Monday, September 18th, 1995

Hello from Atlanta, where things have finally begun to cool down enough to create at least the expectation that fall will be a delight. Sammy and I have been off on a quick trip designed to get the most out of the early signs of autumn.

We flew to Boston on a cheap Delta flight and rented a cheap Avis car; we drove up the Maine coast, turned west and cut over to the White Mountains of New Hampshire. Took the car up through some beautiful scenery that had just begun to change fall colors, drove up Mount Washington in the Presidential Range, followed the Connecticut River to its headwaters on the New Hampshire/Quebec border, drove north into Quebec listening to arguments over the seperatist question on CBC Radio, and saw covered bridges and small Catholic farm towns along our route. Got to Sherbrooke P.Q., turned south and drove along Lake Mephremagog, crossed back into the states at Newport, Vermont, and headed down into the Green Mountain state. Dined in Cabot with old friends from my days at The Country Journal (a very small newspaper–no, not the magazine of the same name), stopped by my old radio station at Goddard College, breakfasted well at The Horn of the Moon in Montpelier, and dined well in Burlington. Dropped down state route 100 (the traditional fall foliage route), picked up the Connecticut River again down into Massachusetts, and made our way around to Interstate 495, which we took to down by the Cape on a sunday night. Next day, we headed out to Cape Cod, where we spent the day and night having fun on a relatively unpopulated vacation spot, and we finally pulled back into Boston to spend a day with Sammy’s friend Kelley, who has renovated a large former elevator factory in Cambridge into cool homes and artist’s spaces. Phew! We cram more into seven days than most people cram into..uh, ten days, maybe.

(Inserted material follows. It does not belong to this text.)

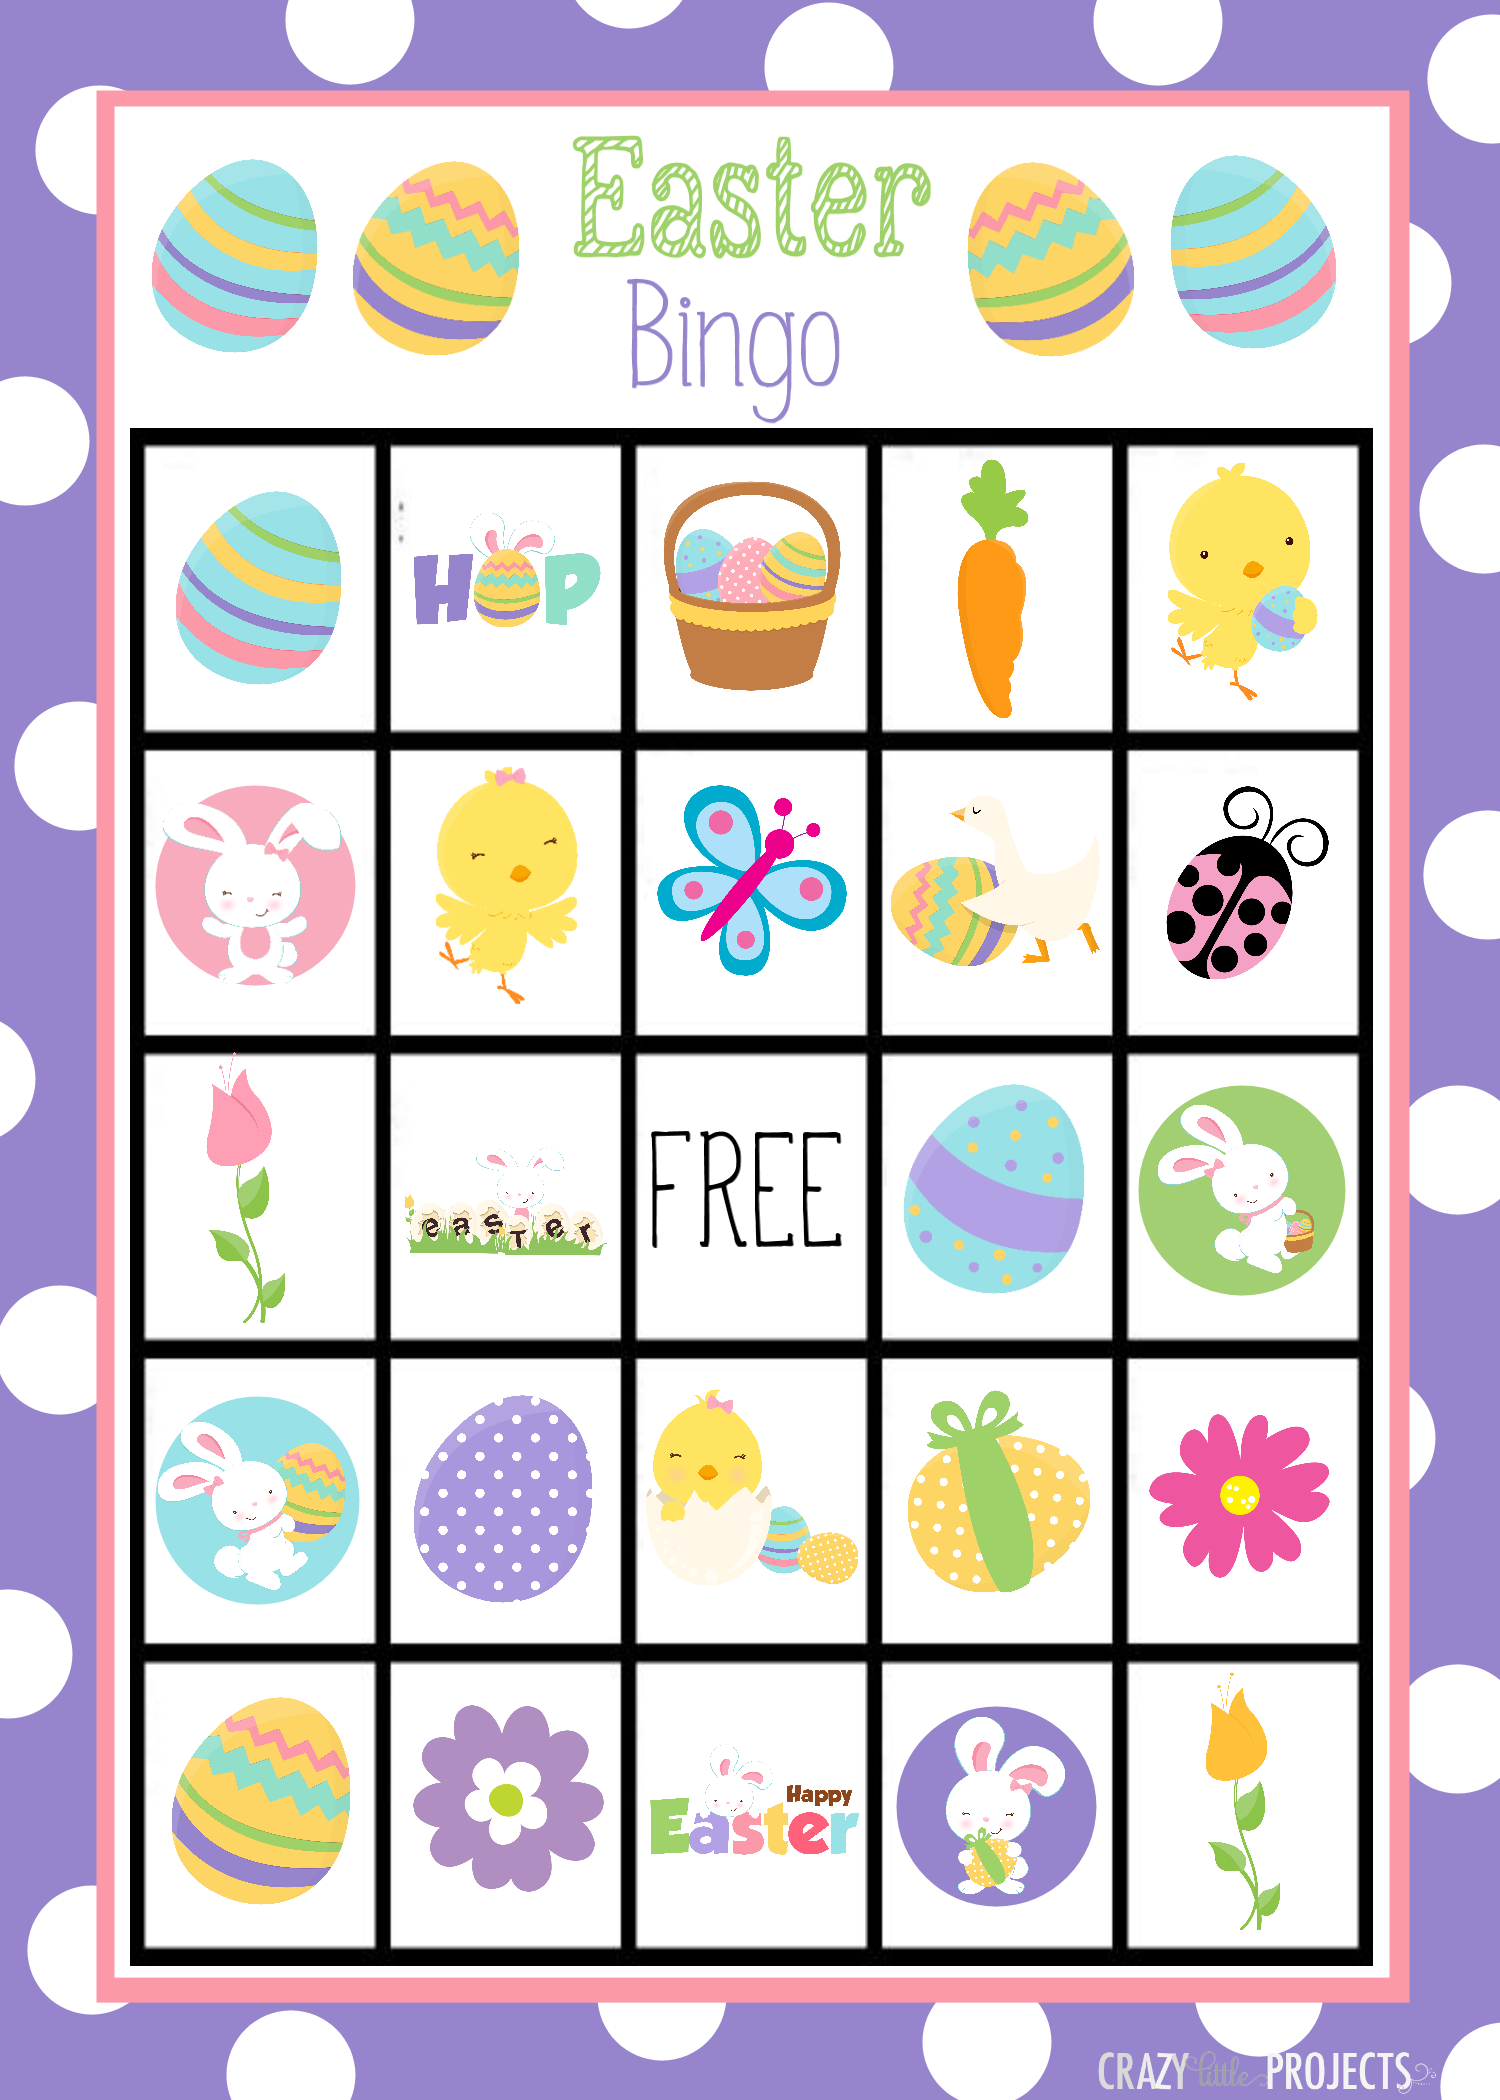 Easter Bingo Game Free Printable FREE PRINTABLE TEMPLATES

I want to do my part to help you experience Bob Page-mania. Yes, it’s true. Reports are that Mr. Page has been in the recording studio most of this week and is all but done with his next CD, which for fans of Bob’s distinctive boogie-woogie blues piano, is good news indeed. Bob’s first CD, Poor Man Shuffle, was critically well-received, if not a commercially big success (that may well be because he records on a small independent label.) I’ve always been a big fan, however–and, uh, by the way, I did the graphic design for Poor Man Shuffle and it looks like I also get to have some fun with his new one, Blues in Dixieland. Make a note: it’s coming this Christmas to a record store near you.